Never Not Thinking About Egypt

I’m struggling to make sense of Egypt and Egyptians. I’m really really struggling. I’ve reached a point

I took this picture during the January 25 revolution in 2011.

I took this picture during the January 25 revolution in 2011.

where I bury memories so deep inside of me that most recent events in Egypt are a mere blur in my head. People talk about the various huge post-January 25, 2011 demonstrations in which hundreds have been killed and all I can find in my memories is a hazy image of me sitting in front of a laptop or a television set in a complete state of incomprehension. I hear the names of people in jail or of people who have been killed and all I can say is, “Wait. Which one is that?”

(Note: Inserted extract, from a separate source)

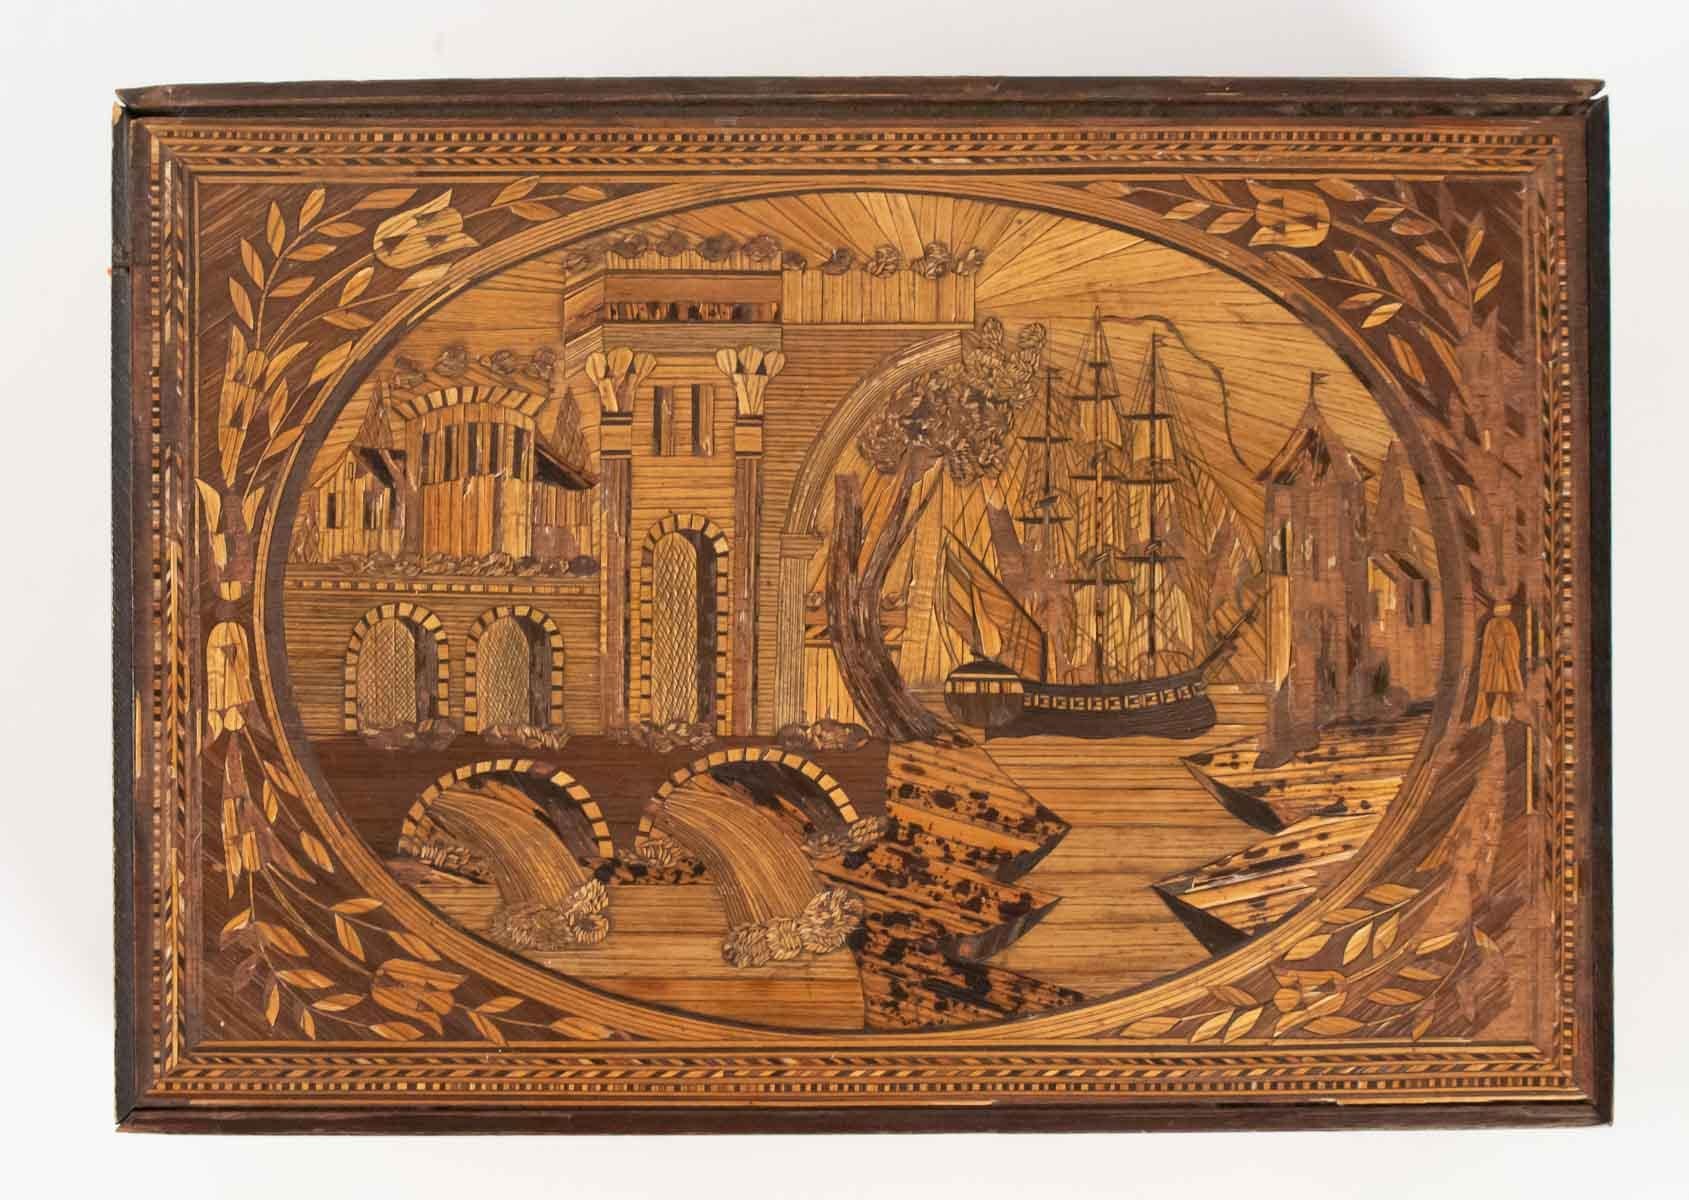 Straw Marquetry box, mid-19th century, antiquity, France, small accident and lack.
Measures: L 28cm, P 20cm, H 9cm.

Being away from Egypt for just over a year now has been a small blessing. I needed to break away from it all. I was suffocating. But just when I think I’m pushing through what I’m sure is post-traumatic stress disorder from the hundreds of events that have happened since the revolution, something new happens in Egypt and I feel like someone has a huge, hairy hand on my head, shoving my whole body into a crouch in a small, dirty, smelly sack.

I can’t breathe.

Why is Egypt the way it is? Why are so many Egyptians the way they are? Why can’t we have normal problems? And a normal life? Why has it become so commonplace for Egyptians to be killed by the police, the army, thugs, and neglect? How is it that there is no justice for the innocent while the guilty get away with their crimes scot-free? What is wrong with us? 

Yesterday night, over 20 people were killed trying to get into a football match in Cairo. The least I can say is that the police, rather than exhibit effective crowd control/management, almost literally sent more than 20 people to their deaths. It’s almost as if they killed them to teach them a lesson. Is this surprising? Not one bit. The January 25 revolution started on Police Day against police brutality.

My brain feels like it is in a complete state of paralysis. This bombardment is just never-ending. Gaza; Charlie Hebdo; ISIS executions; the Jordanian pilot; Mubarak and his sons found not guilty; NO ONE held accountable for the hundreds of deaths in the revolution; life-sentences given to Egyptians who demonstrated against an anti-demonstration law; kidnappings and armed robberies in Cairo; Syria; Iraq; Libya; Yemen… It never ends.

That’s not the worst of it. The worst of it is the general and all-encompassing ignorance, intolerance, bigotry, and accusations of treason from one side or of apostasy from the other. It’s like Egypt and the entire Arab region has turned into a huge cesspool.

Why can’t we be NORMAL? Why can’t we have normal lives? Why can’t we have normal police? Why can’t we have a normal, democratic government? Why can’t we have normal fellow citizens? Why can’t things be NORMAL?

I’m sitting on a couch, looking out of my window onto a beautiful, sunny, green meadow in northern England. But I’m traumatized by what is happening in my country thousands of kilometers away. I can see normal. But I can’t live it even though I am in it. I can’t live it until my own country gets it.

What was it that I read the other day?

Anglo-American poet W. H. Auden once claimed that while, “he was not always thinking about Iceland … he was never not thinking about Iceland.”

I’m almost always thinking about Egypt. And I’m never not thinking about it.